SOURCE INFORMATION:
⟨

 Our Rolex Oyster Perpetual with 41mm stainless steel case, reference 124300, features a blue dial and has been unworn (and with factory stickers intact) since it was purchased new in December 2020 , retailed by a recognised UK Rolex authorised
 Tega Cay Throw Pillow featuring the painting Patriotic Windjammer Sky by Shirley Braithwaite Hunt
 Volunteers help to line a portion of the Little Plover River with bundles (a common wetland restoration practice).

⟩
⟨

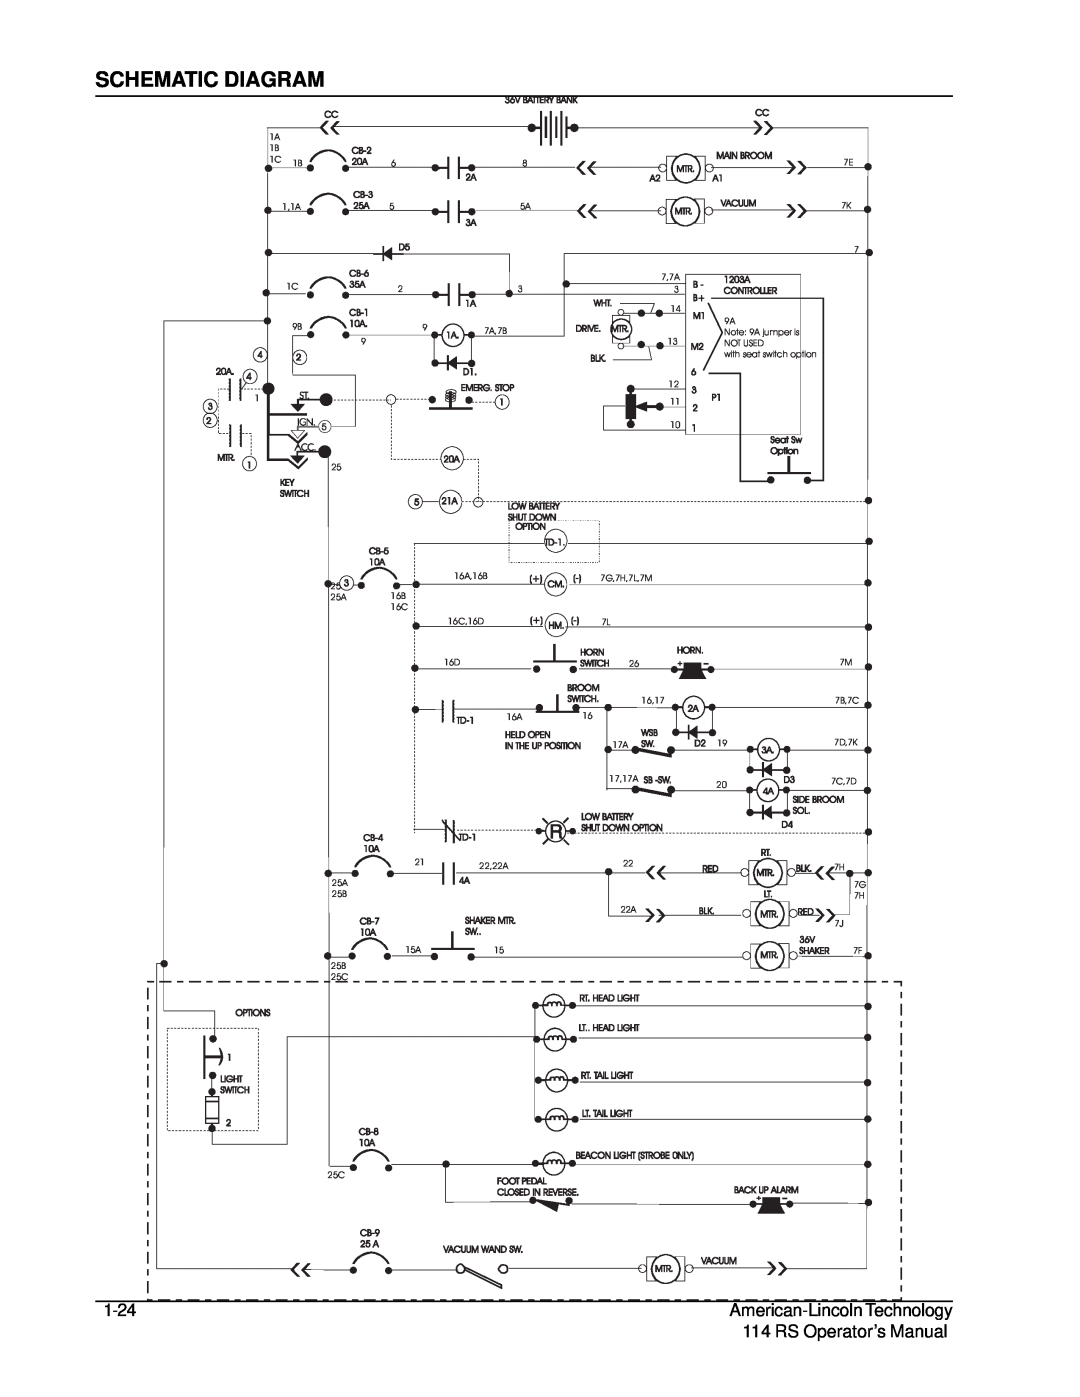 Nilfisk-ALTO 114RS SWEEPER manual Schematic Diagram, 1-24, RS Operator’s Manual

⟩

TASK DETAILS:
Go through the material above, and wherever a line contains the string "with", return it.

ANSWER BOX:
 Our Rolex Oyster Perpetual with 41mm stainless steel case, reference 124300, features a blue dial and has been unworn (and with factory stickers intact) since it was purchased new in December 2020 , retailed by a recognised UK Rolex authorised
 Volunteers help to line a portion of the Little Plover River with bundles (a common wetland restoration practice).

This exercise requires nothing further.